## Action item
Every line from the one containing "Galaxy Watch Active2: Chiếc" through the end of the listing below goes in the output, exactly and without pictures.

[[ Data shown open ]]

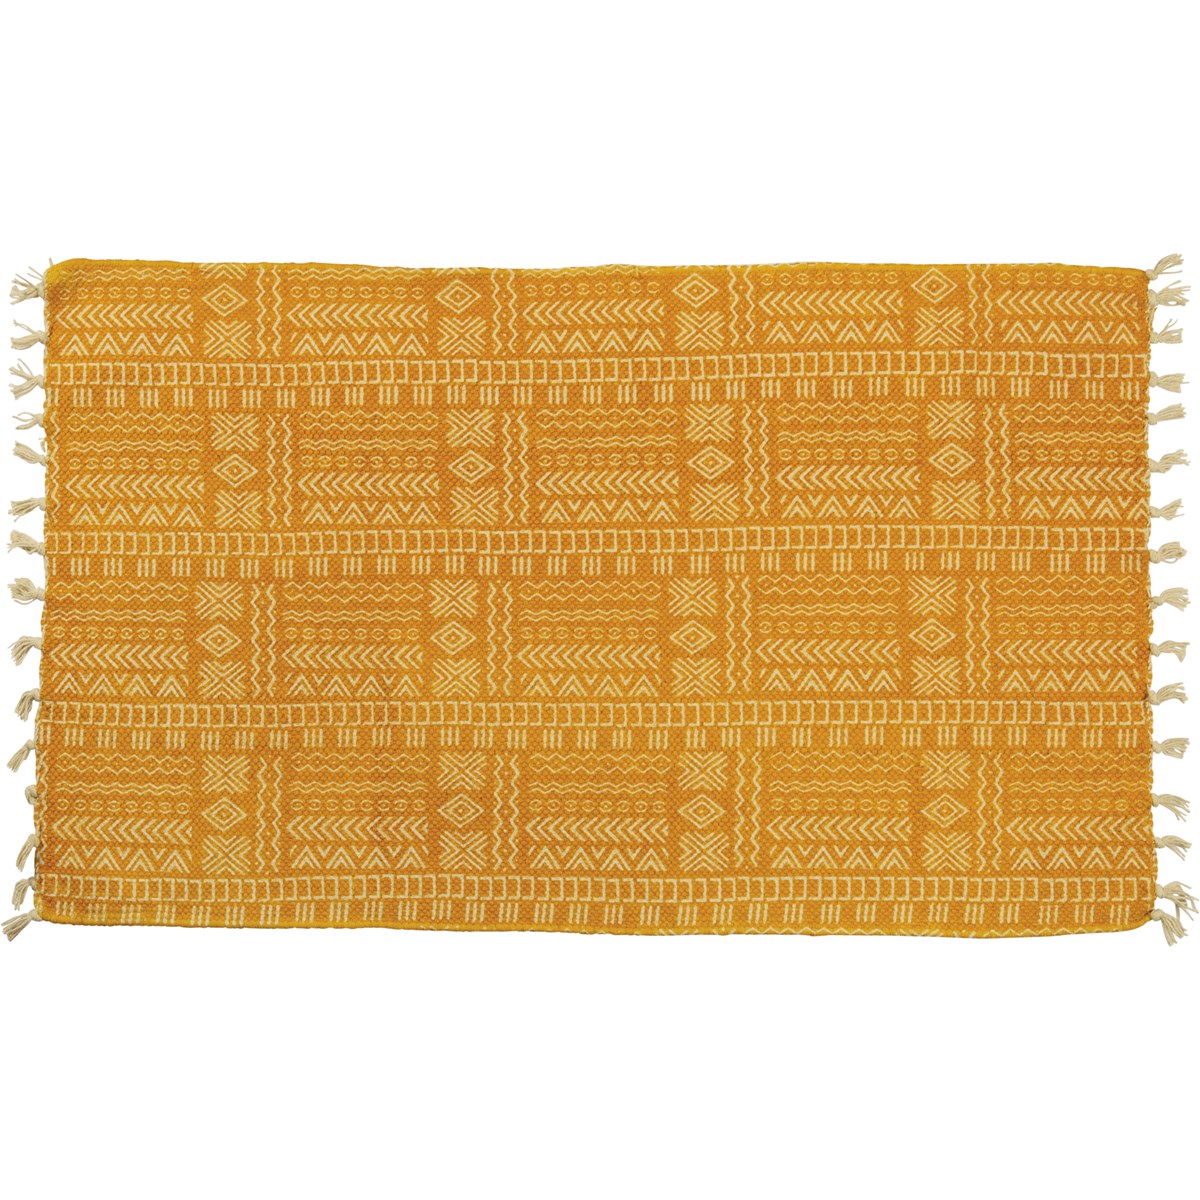 Rug - Saffron Fringe - 34" x 20" - Cotton, Latex skid-resistant backing
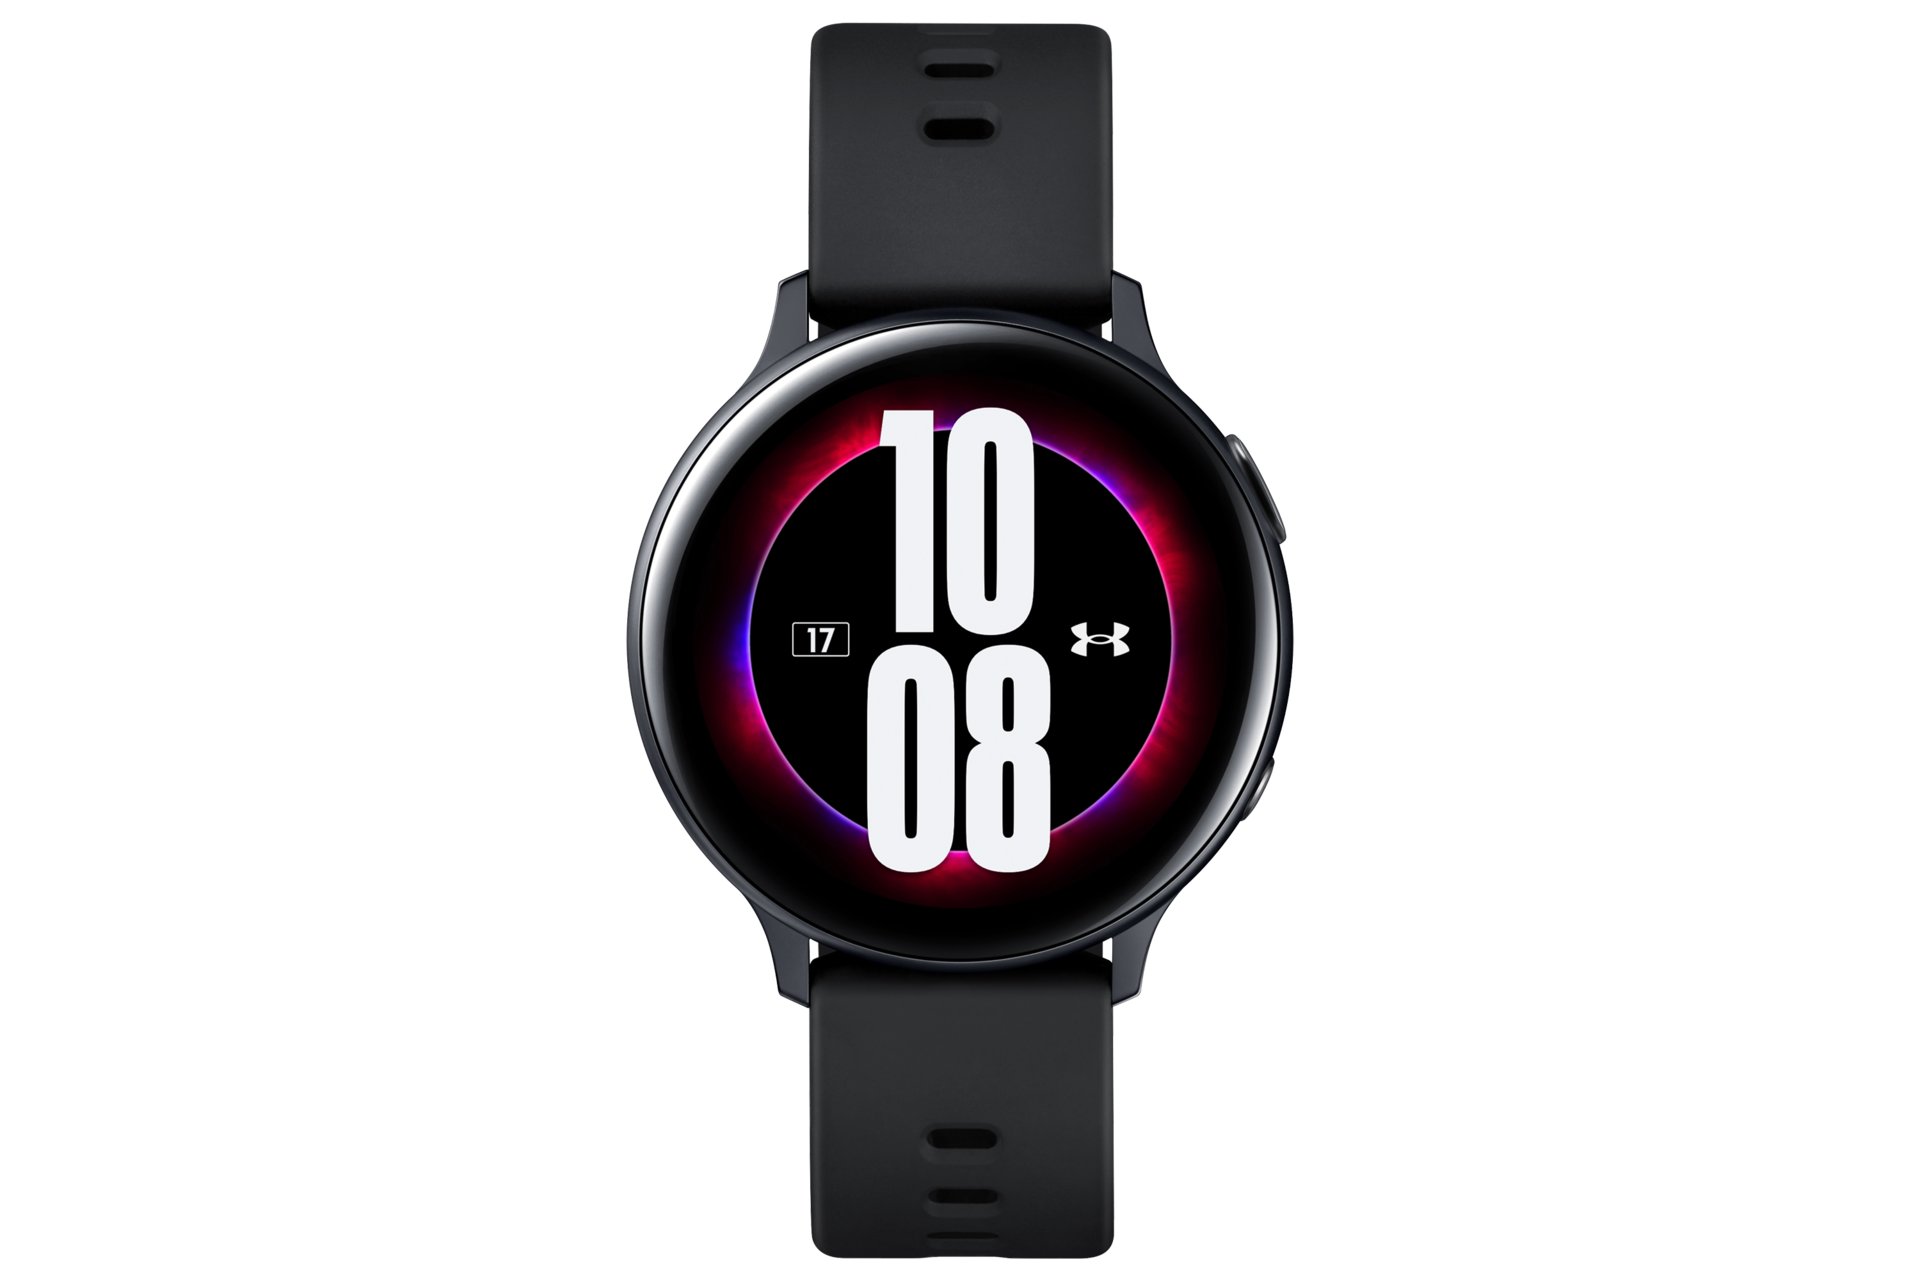 Galaxy Watch Active2: Chiếc đồng hồ thông minh Galaxy Watch Active2 không chỉ là một phụ kiện thời trang mà còn là một trợ thủ đắc lực giúp bạn theo dõi sức khỏe và sinh hoạt hàng ngày. Hãy trải nghiệm những tính năng thông minh mà chiếc đồng hồ này mang lại.
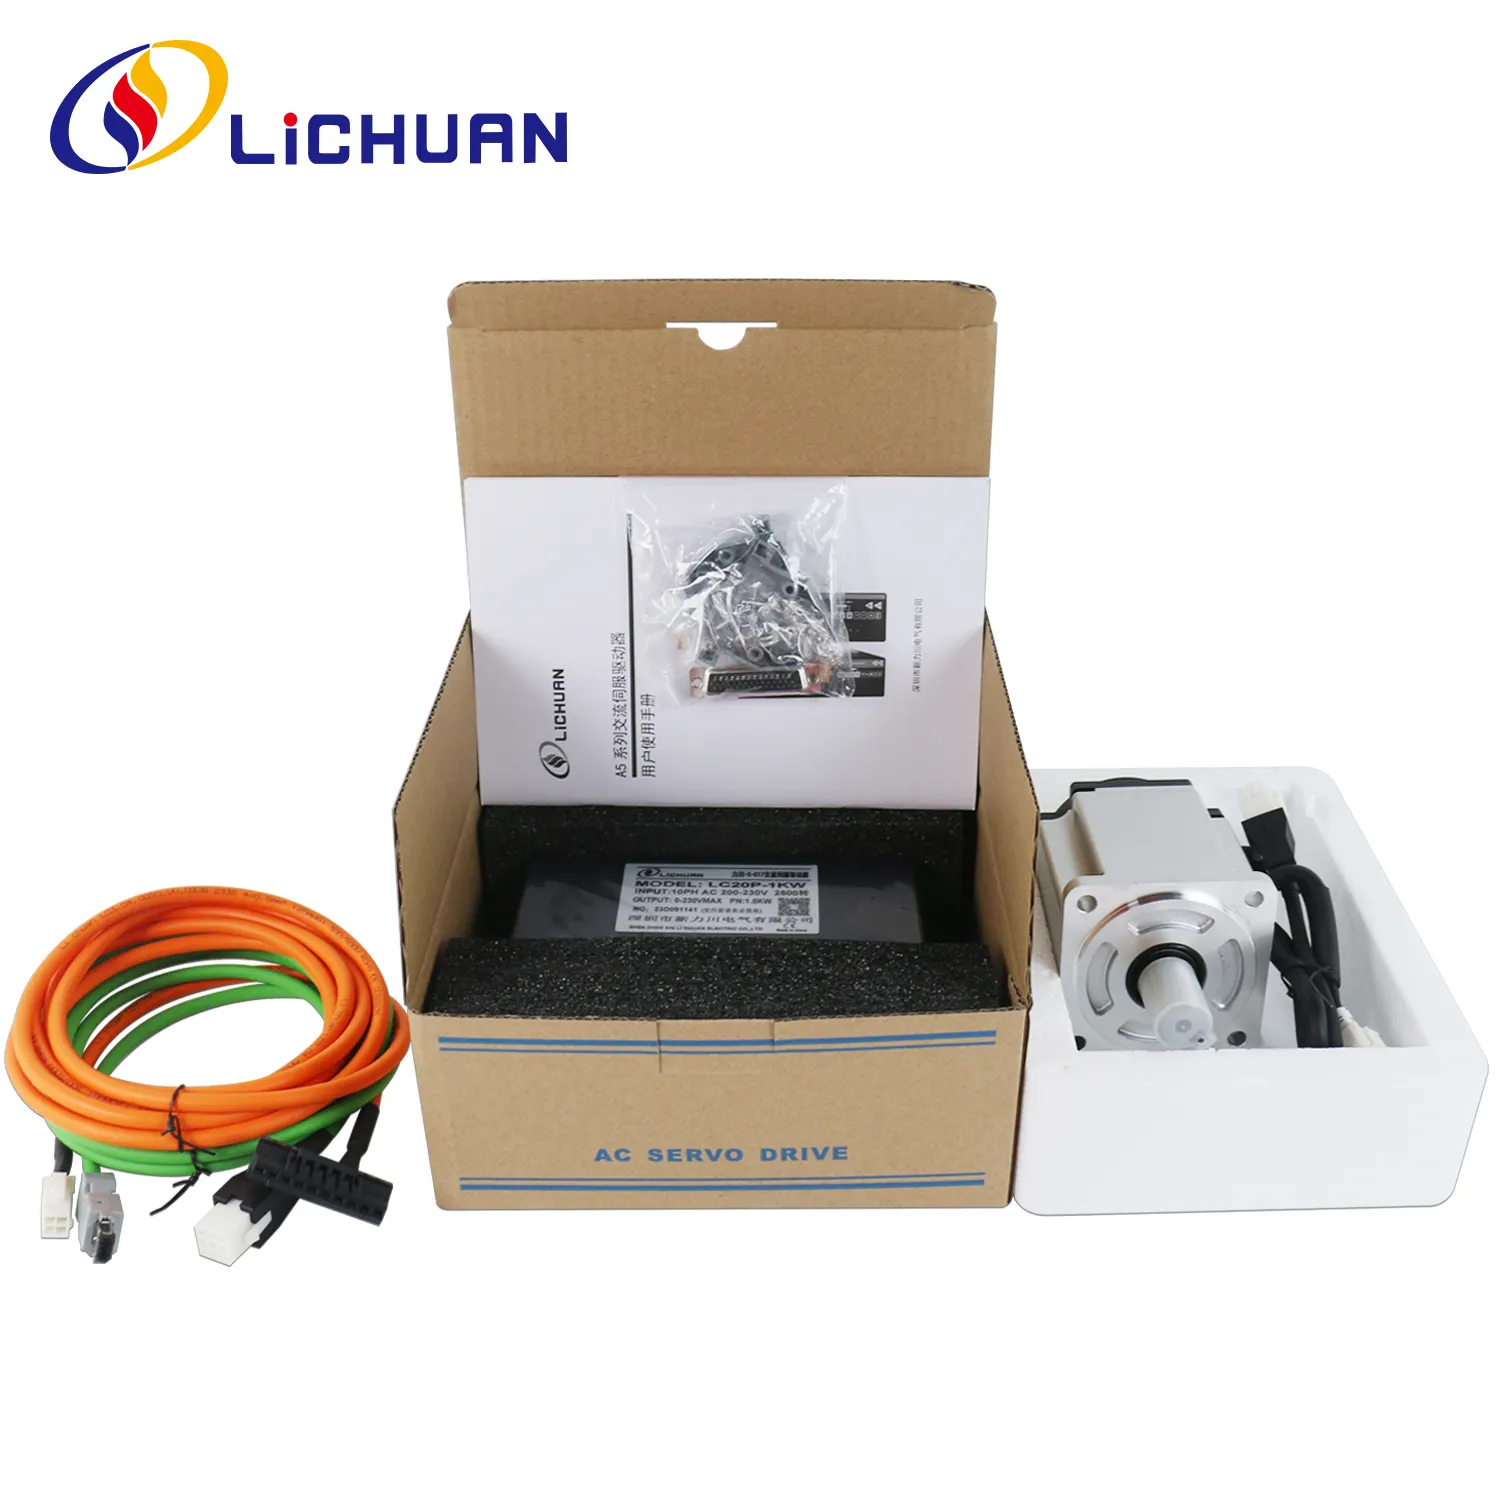 Lichuan 220V 3000 tr/min IP65 servomoteurs et pilotes AC série A5 200W 400W 600W 750W Kit de pilotes de servomoteur AC pour Robot
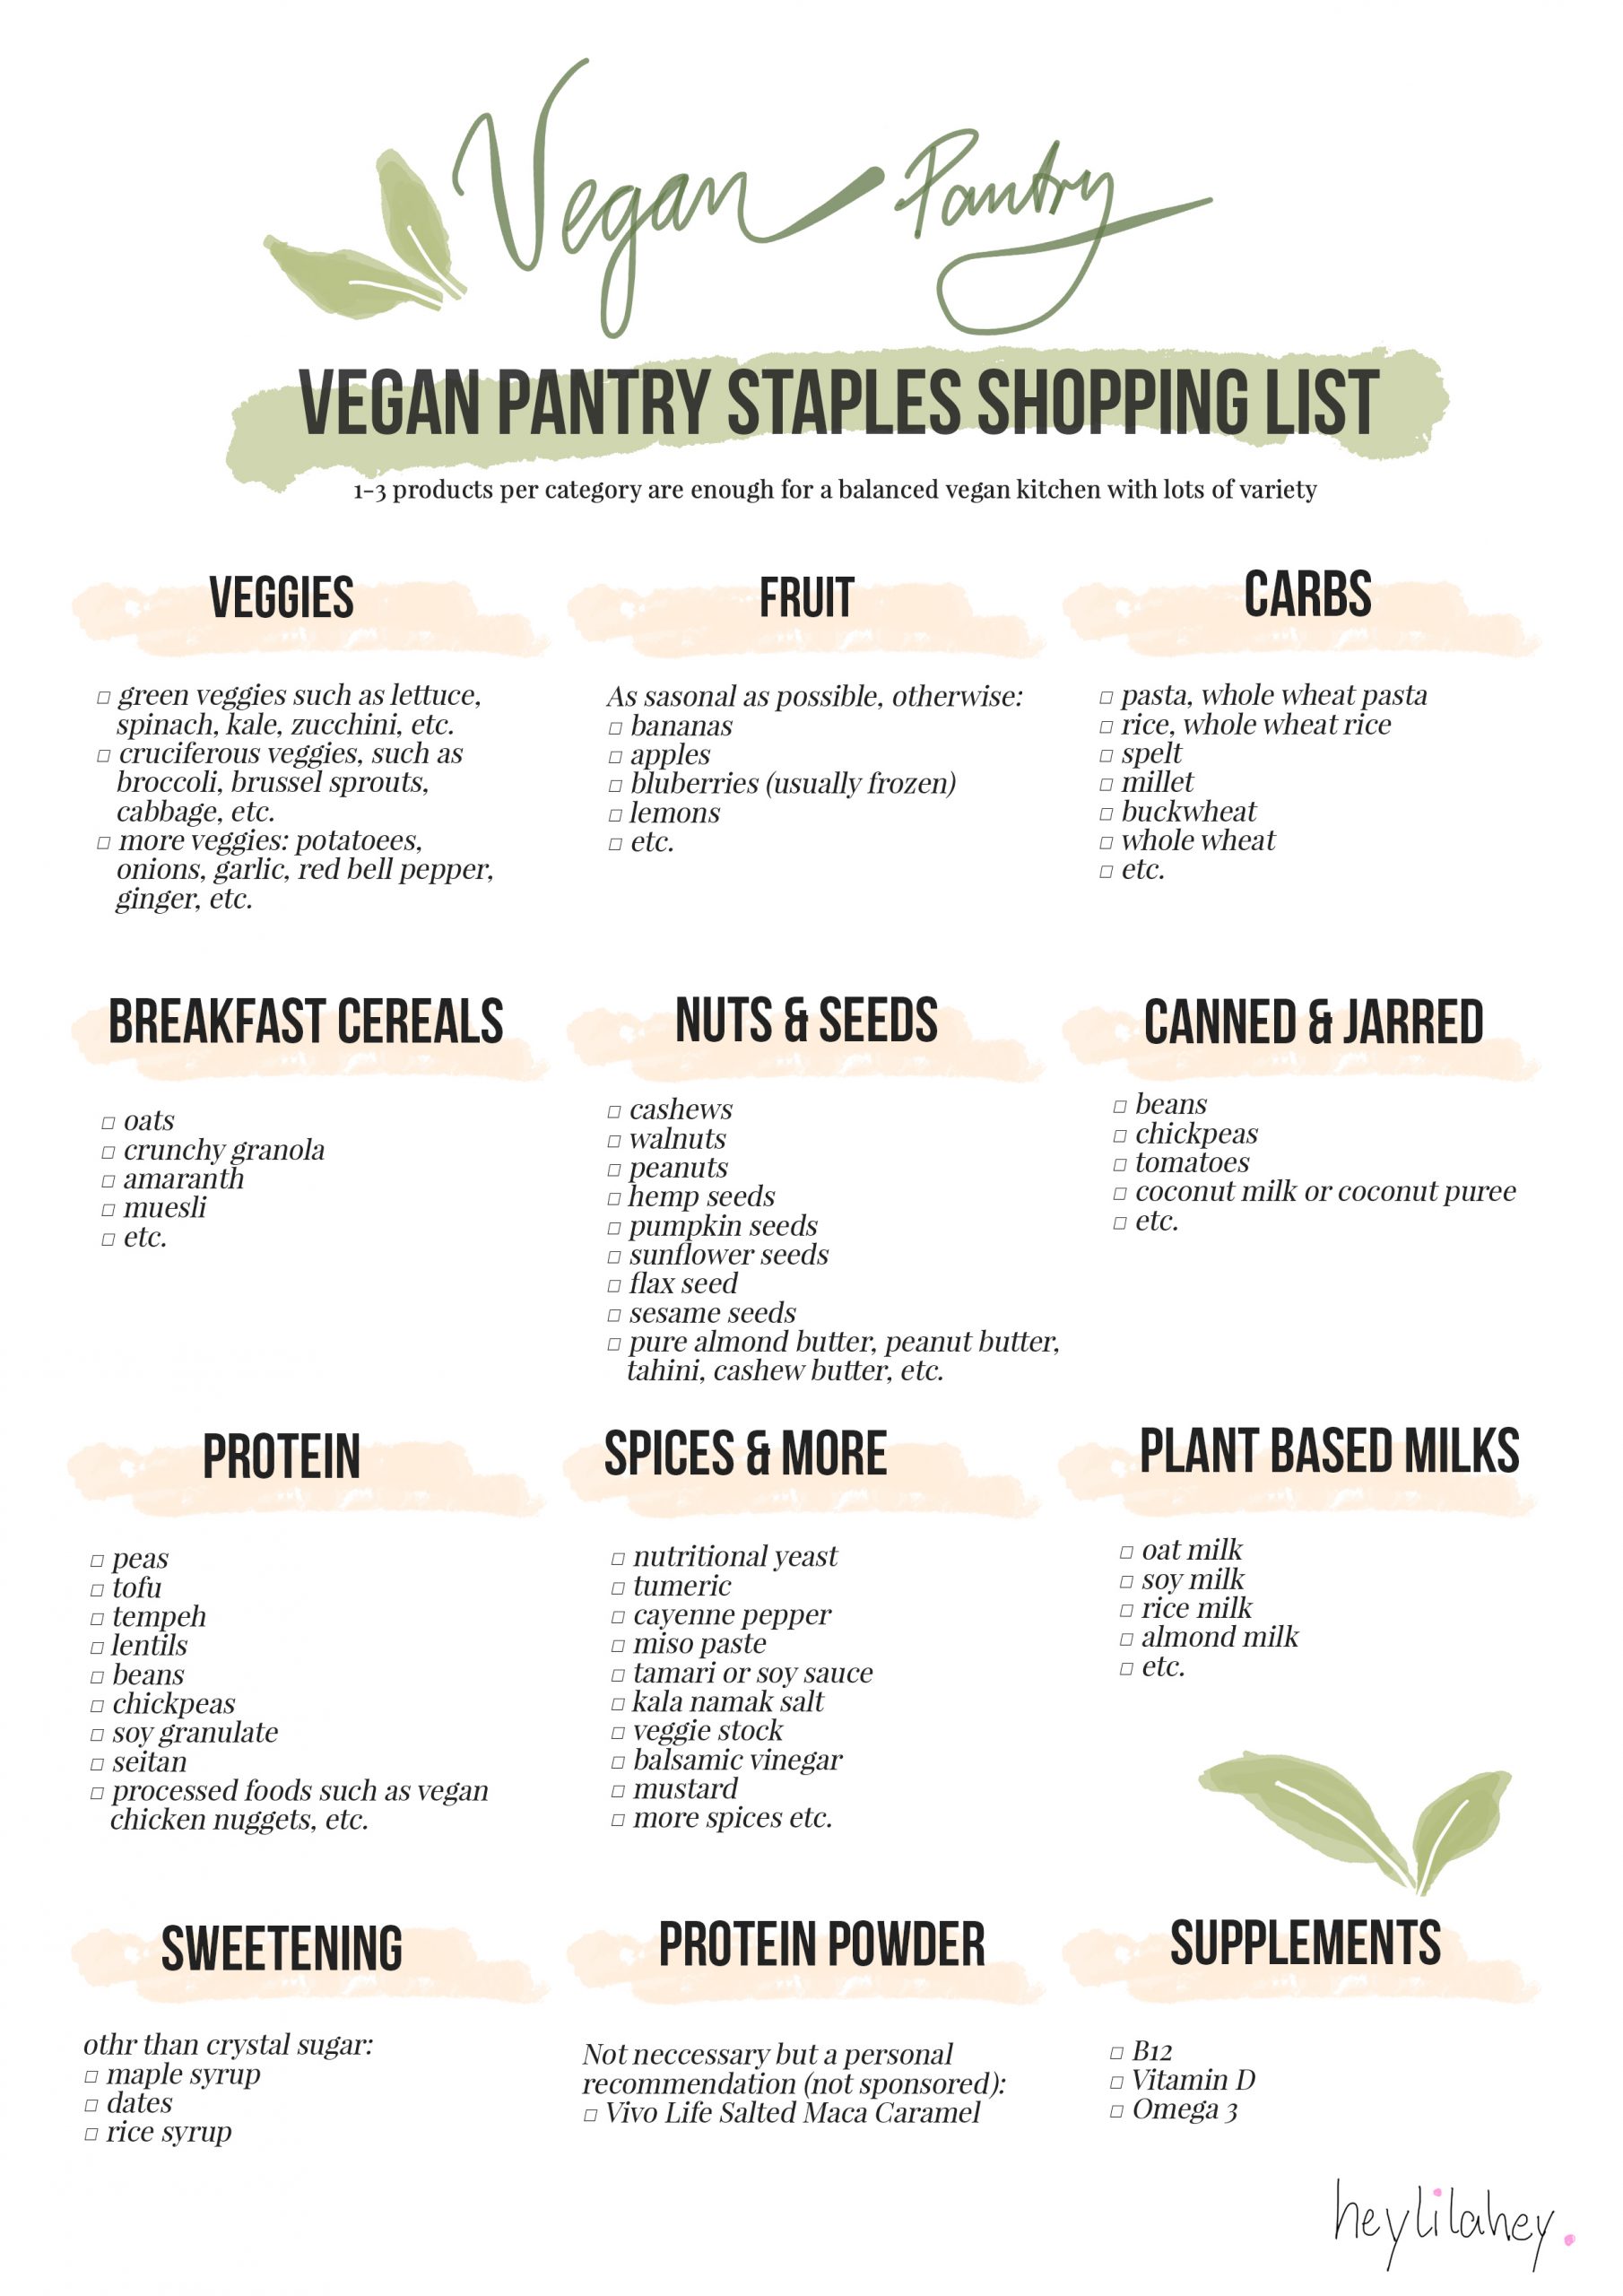 Vegan Shopping List - heylilahey.

[[ Data shown closed ]]

## Task response
 Galaxy Watch Active2: Chiếc đồng hồ thông minh Galaxy Watch Active2 không chỉ là một phụ kiện thời trang mà còn là một trợ thủ đắc lực giúp bạn theo dõi sức khỏe và sinh hoạt hàng ngày. Hãy trải nghiệm những tính năng thông minh mà chiếc đồng hồ này mang lại.
 Lichuan 220V 3000 tr/min IP65 servomoteurs et pilotes AC série A5 200W 400W 600W 750W Kit de pilotes de servomoteur AC pour Robot
 Vegan Shopping List - heylilahey.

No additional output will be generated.